The opening exchange:
(28) Pharaoh said to him, “Be gone from me! Take care not to see me again, for the moment you look upon my face you shall die.”
(29) And Moses replied, “You have spoken rightly. I shall not see your face again!”
God addresses Moses:
(11:1) And the Lord said to Moses, “I will bring but one more plague upon Pharaoh and upon Egypt; after that he shall let you go from here; indeed, when he lets you go, he will drive you out of here one and all.
(2) Tell the people to borrow, each man from his neighbor and each woman from hers, objects of silver and gold.”
(3) The Lord disposed the Egyptians favorably toward the people. Moreover, Moses himself was much esteemed in the land of Egypt, among Pharaoh’s courtiers and among the people.
Moses further addresses Pharaoh:
(4) Moses said, “Thus says the Lord: Toward midnight I will go forth among the Egyptians,
(5) and every first-born in the land of Egypt shall die, from the first-born of Pharaoh who sits on his throne to the first-born of the slave girl who is behind the millstones; and all the first-born of the cattle.
(6) And there shall be a loud cry in all the land of Egypt, such as has never been or will ever be again;
(7) but not a dog shall snarl at any of the Israelites, at man or beast — in order that you may know that the Lord makes a distinction between Egypt and Israel.
(8) Then all these courtiers of yours shall come down to me and bow low to me, saying, ‘Depart, you and all the people who follow you!’ After that I will depart.” And he left Pharaoh’s presence in hot anger.
The end result of the first nine plagues:
(9) Now the Lord had said to Moses, “Pharaoh will not heed you, in order that My marvels may be multiplied in the land of Egypt.”
(10) Moses and Aaron had performed all these marvels before Pharaoh, but the Lord had stiffened the heart of Pharaoh so that he would not let the Israelites go from his land.
(28) Pharaoh said to him, “Be gone from me! Take care not to see me again, for the moment you look upon my face you shall die”: In the literal sense Pharaoh no longer wants to see Moses, because he is unable to withstand any additional pressure.

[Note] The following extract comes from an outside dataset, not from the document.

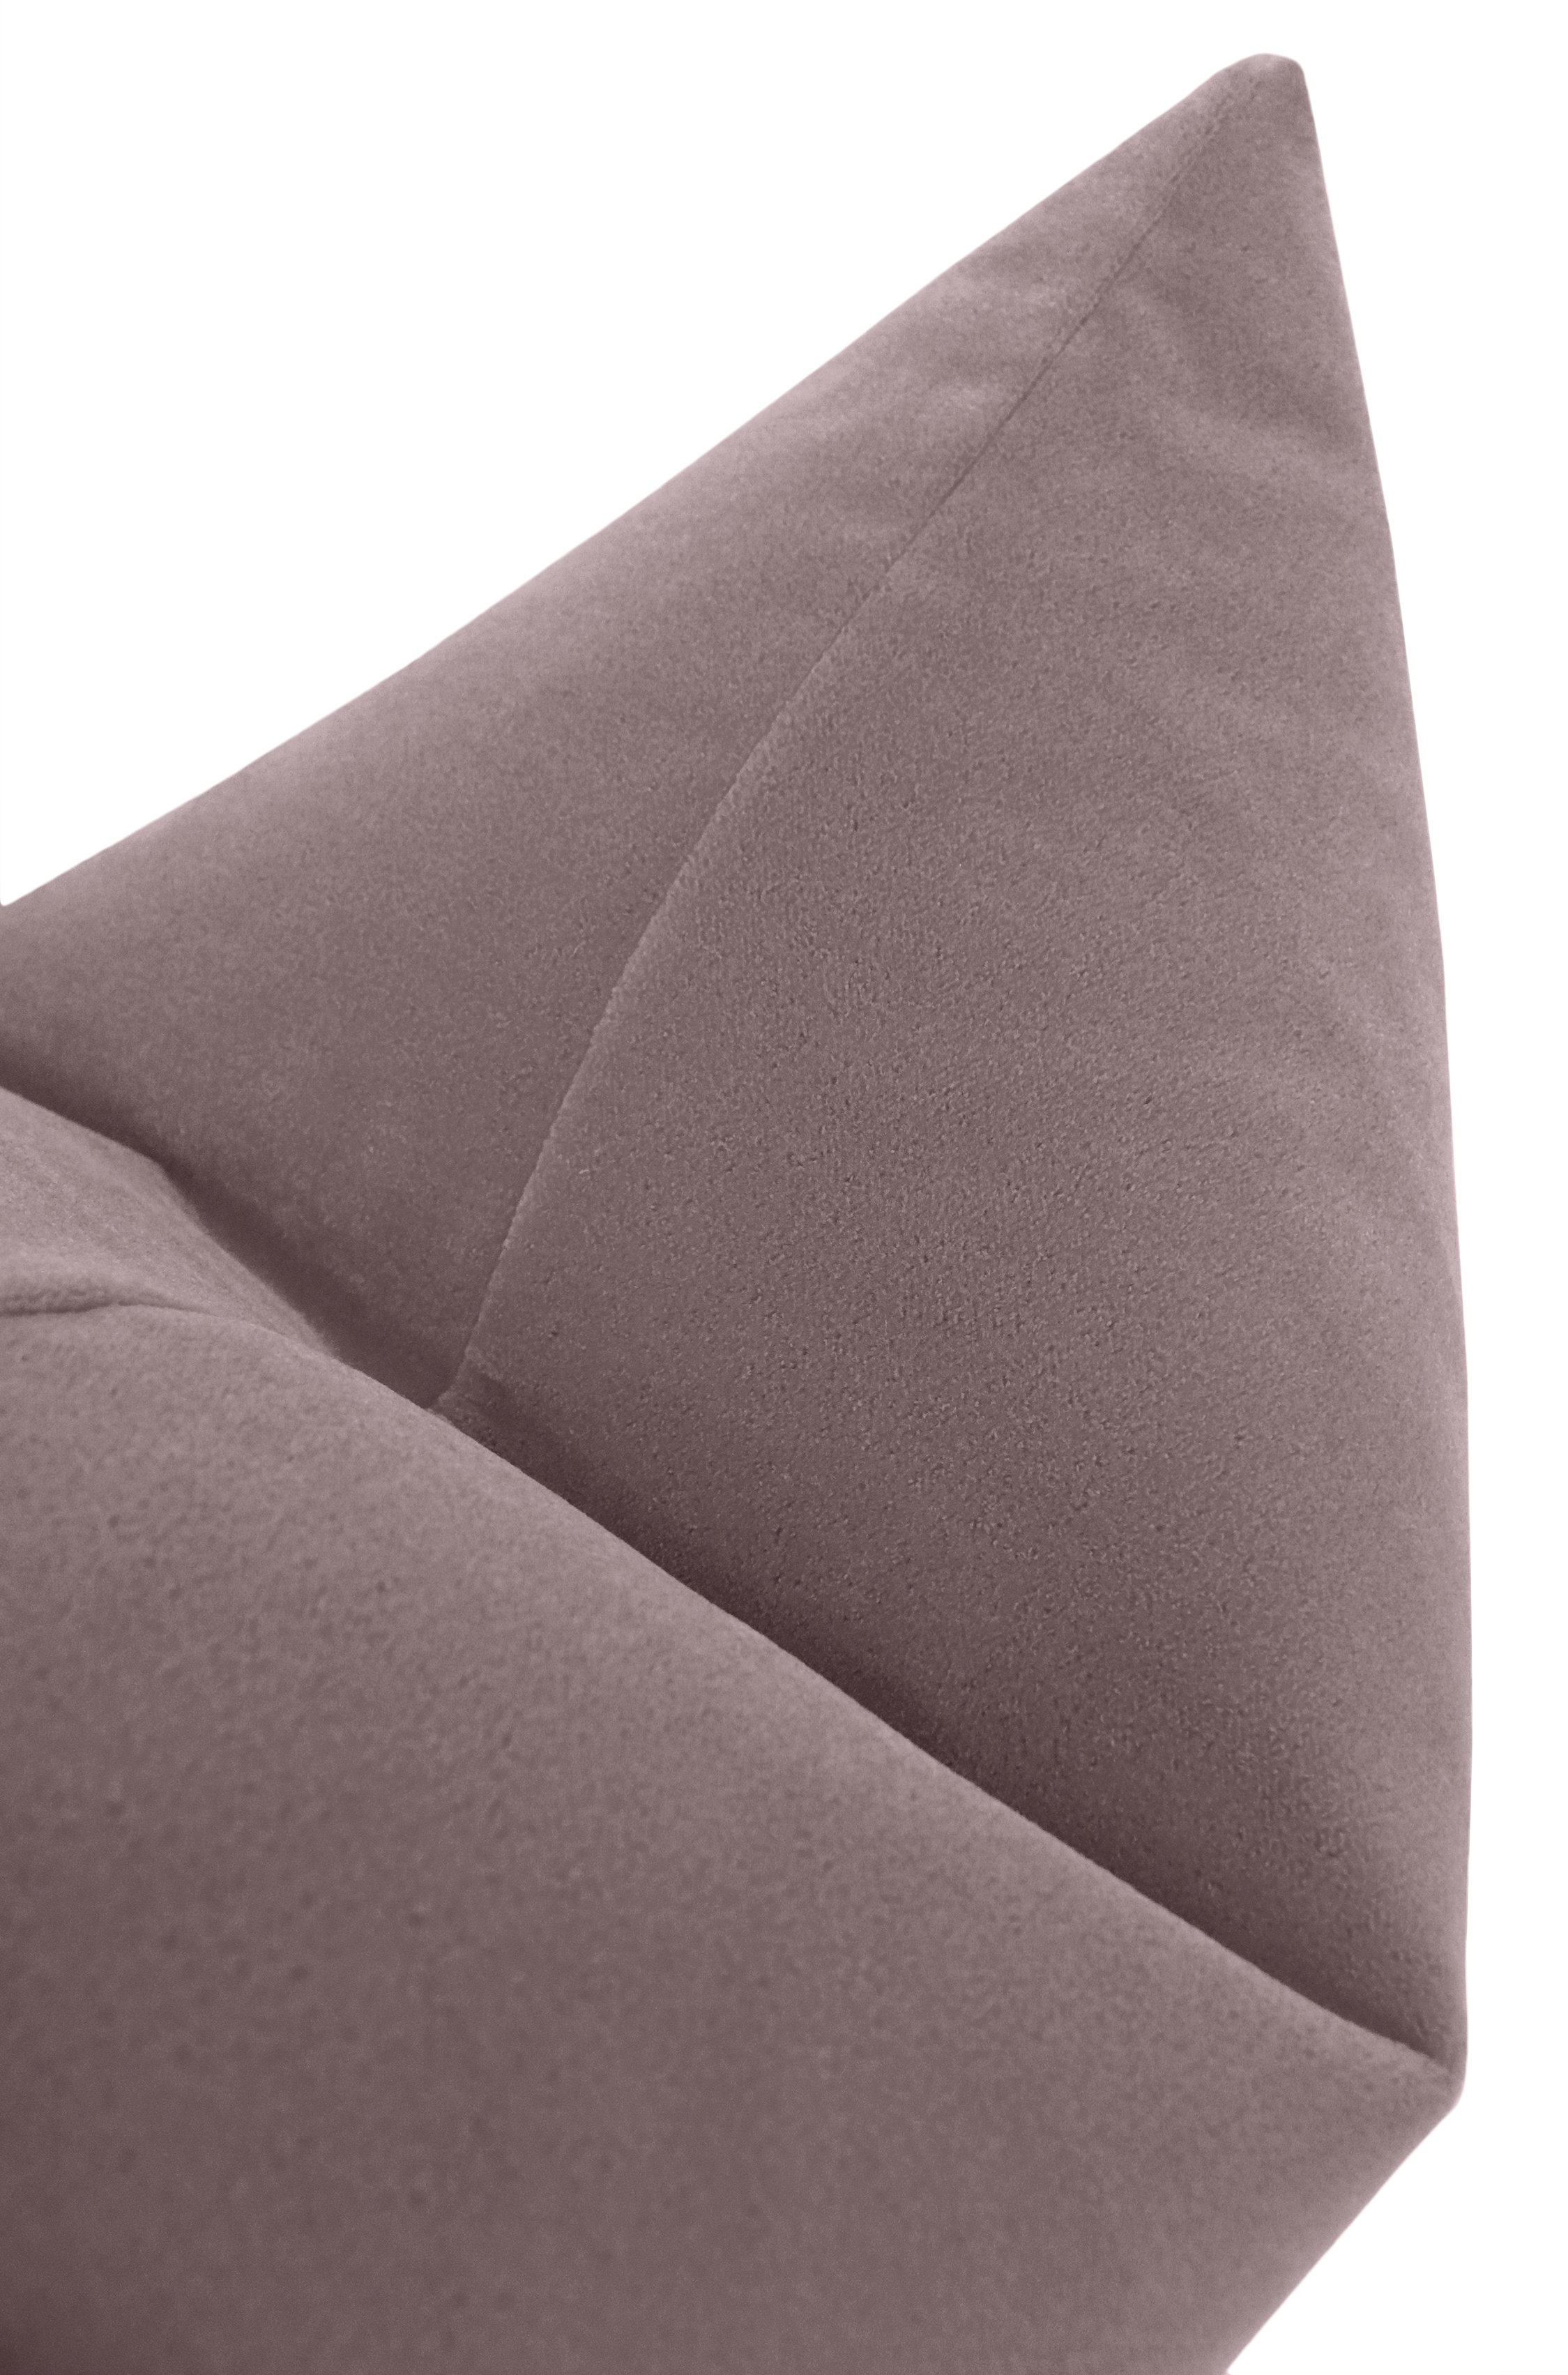 Mohair Velvet Throw Pillow Cover, Smokey Lavender, 18" x 18" - Image 1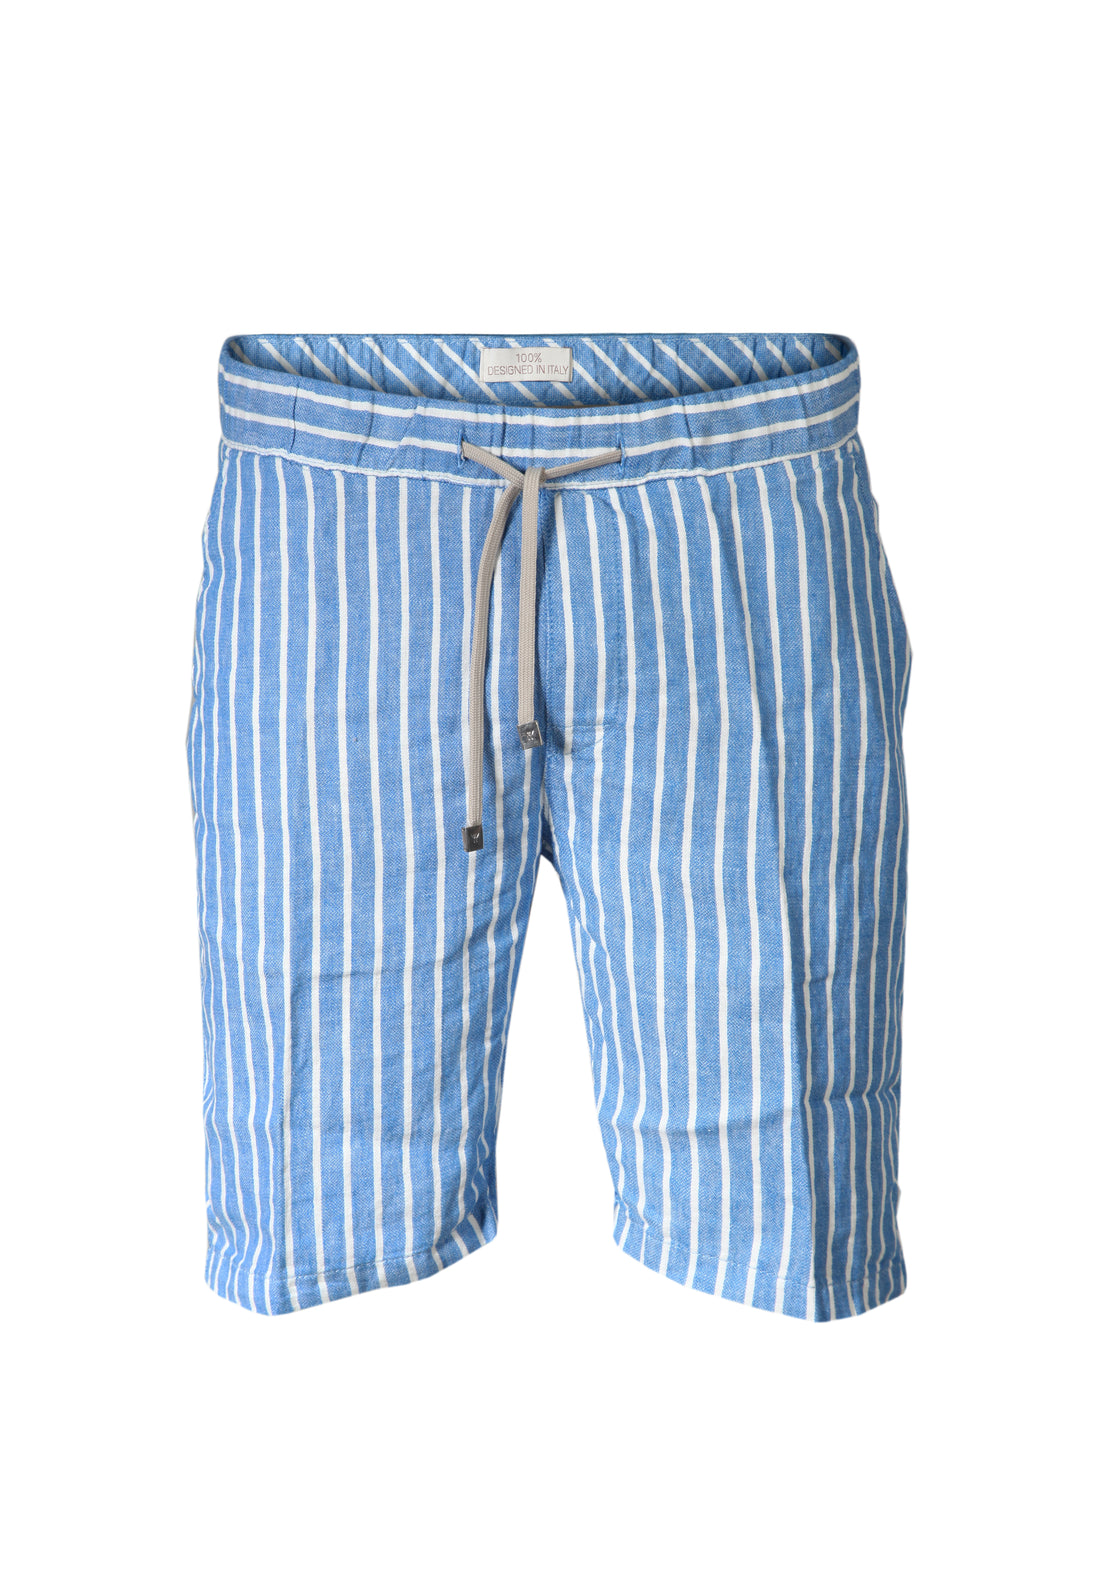 Striped Bermuda shorts with lace in Linen - Bluette

But there is also a different underlying meaning here. Moses’ “looking upon Pharaoh’s face,” can be understood as a reference to the assimilation of elements of Egyptian culture by the Jews, in order to carry those elements out of Egypt, and later to integrate them properly into their future civilization. The meaning of Pharaoh’s words, “for the moment you (i.e., the Jews) look upon my face you shall die” is that this process is now complete, and any further absorption of Egyptian culture by the Jews can only prove harmful to them (Jacob and his family faced an analogous situation at the end of their twenty-year stay with Laban). It is this moment that precisely determines the need for the Jews, for their own internal well-being, to leave Egypt immediately.
(29) And Moses replied, “You have spoken rightly. I shall not see your face again!”: Moses acknowledges that the Jews have already completely absorbed any and all sparks of holiness that they should take with them from Egypt. And that, furthermore, any Egyptians who wished to join Israel have already done so. Thus, there is no need for any further meetings between Israel and Egypt.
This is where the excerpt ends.